Each routed agent dispatches `opencode run -m opencode-go/deepseek-v4-flash
--agent <id> --dir <workspace> "<prompt>"`. This is a good fit for lightweight,
fast roles (pm, qa, docs, explore) while heavier implementation agents stay on
Codex/Claude/etc.

### Validating a model slug

opencode's catalog is subscription- and login-gated, so oma does **not** hardcode
opencode model slugs. Validate one against your installed catalog:

```bash
oma model:probe opencode-go/deepseek-v4-flash --json   # accepted | rejected | auth_required
opencode models opencode-go                            # list everything your plan exposes
```

`oma model:probe` reports `accepted` when the slug is listed by
`opencode models`, `rejected` when it is not, and `auth_required` when the
provider needs login or a subscription.

### Auth and generated files

- **Auth:** `opencode auth login` stores credentials in
  `~/.local/share/opencode/auth.json`. `oma auth:status` / `oma doctor` report
  opencode auth alongside the other CLIs (default provider check: `opencode-go`).
- **Generated files:** `oma link` (or `oma link opencode`) writes one
  `.opencode/agents/<id>.md` persona per agent plus the `.opencode/plugins/oma/`
  bridge. These are generated from the `.agents/` SSOT — do not edit them
  directly; re-run `oma link` to regenerate.

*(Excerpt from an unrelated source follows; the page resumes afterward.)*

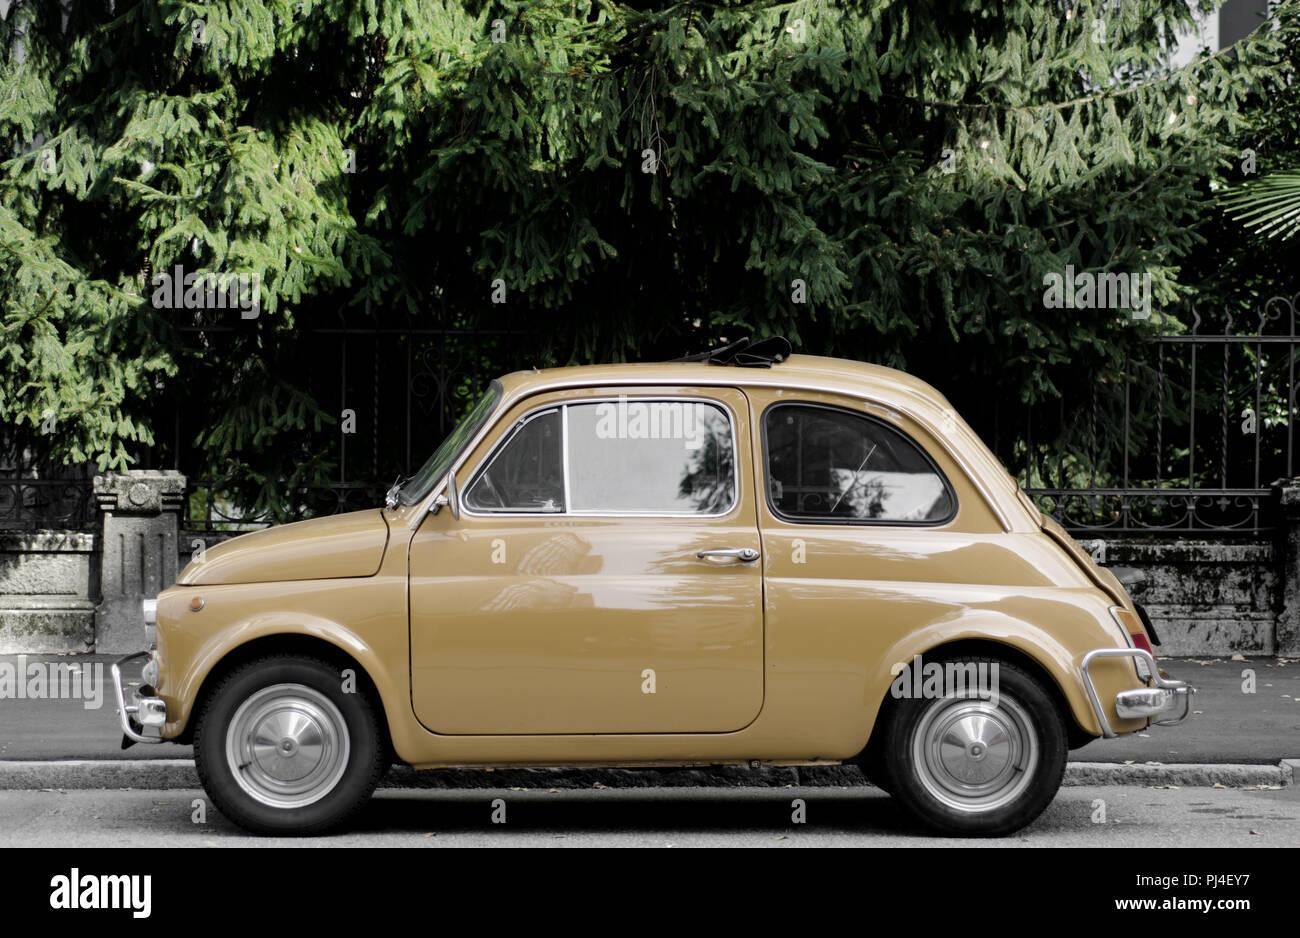 Old Yellow Italian Classic Car. - Stock Image

> **Persistent-workflow note:** opencode's `session.idle` event (its nearest
> analog to the Claude `Stop` hook) is notification-only and cannot block the
> session from ending. Persistent workflows (orchestrate / work / ultrawork)
> therefore run with **degraded Stop semantics** under opencode — workflow
> reinforcement happens on the next message rather than by holding the session
> open.

---

## Dispatching through Kimi Code CLI

[Kimi Code CLI](https://www.kimi.com/code) reads **hooks** only from a global
config (`~/.kimi-code/config.toml`, `KIMI_CODE_HOME`), so `oma install`/`oma link`
write the Kimi hook chain and its skill symlinks into HOME under explicit consent
(like Antigravity). Kimi also scans oma's SSOT `.agents/skills/` directly, so
skills resolve project-wide regardless. **MCP** needs no HOME write and is
project-scoped — written mode-aware to `<cwd>/.kimi-code/mcp.json` (project) or
`~/.kimi-code/mcp.json` (global).

### Explicit dispatch

Route any agent through Kimi with the `-m kimi` override:

```bash
oma agent:spawn pm "Draft the rollout plan" <session> -m kimi
```

This runs `kimi -p "<prompt>"`. Kimi's `-p` (non-interactive) mode auto-approves
regular tool calls under its `auto` permission policy, so oma does **not** append
`--yolo`/`--auto` (they are mutually exclusive with `-p`).

### Per-agent Kimi models

Like opencode, oma does **not** hardcode a Kimi model catalog (Kimi's lineup is
provider/subscription-dependent). To route specific agents to a Kimi model,
register a complete spec under `models:` with `cli: kimi` and reference it from
`agents:`:

The registry key must be in `owner/model` form (bare names are rejected by the
`agents.<id>.model` schema), and `cli_model` is the exact alias passed to
`kimi --model` — Kimi's documented coding alias is `kimi-code/kimi-for-coding`.
Confirm the alias your subscription exposes with `kimi --model <alias>` before
committing it.

```yaml
# .agents/oma-config.yaml
models:
  kimi-code/kimi-for-coding:
    cli: kimi
    cli_model: kimi-code/kimi-for-coding
    auth_hint: "Kimi subscription — run: kimi login"
    supports:
      effort: null
      apply_patch: false
      task_budget: false
      prompt_cache: false
      computer_use: false
      native_dispatch_from: []
      api_only: false

agents:
  pm:   { model: kimi-code/kimi-for-coding }
  docs: { model: kimi-code/kimi-for-coding }
```

Each routed agent dispatches `kimi --model kimi-code/kimi-for-coding -p "<prompt>"`.

> **Persistent-workflow note:** Kimi's documented Stop-blocking path is exit-code
> 2 / stderr, but the `oma hook` router always exits 0 and emits a stdout dialect.
> oma emits a best-effort `permissionDecision: "deny"` (plus Claude-style
> `decision: "block"`) so persistent workflows degrade gracefully under Kimi.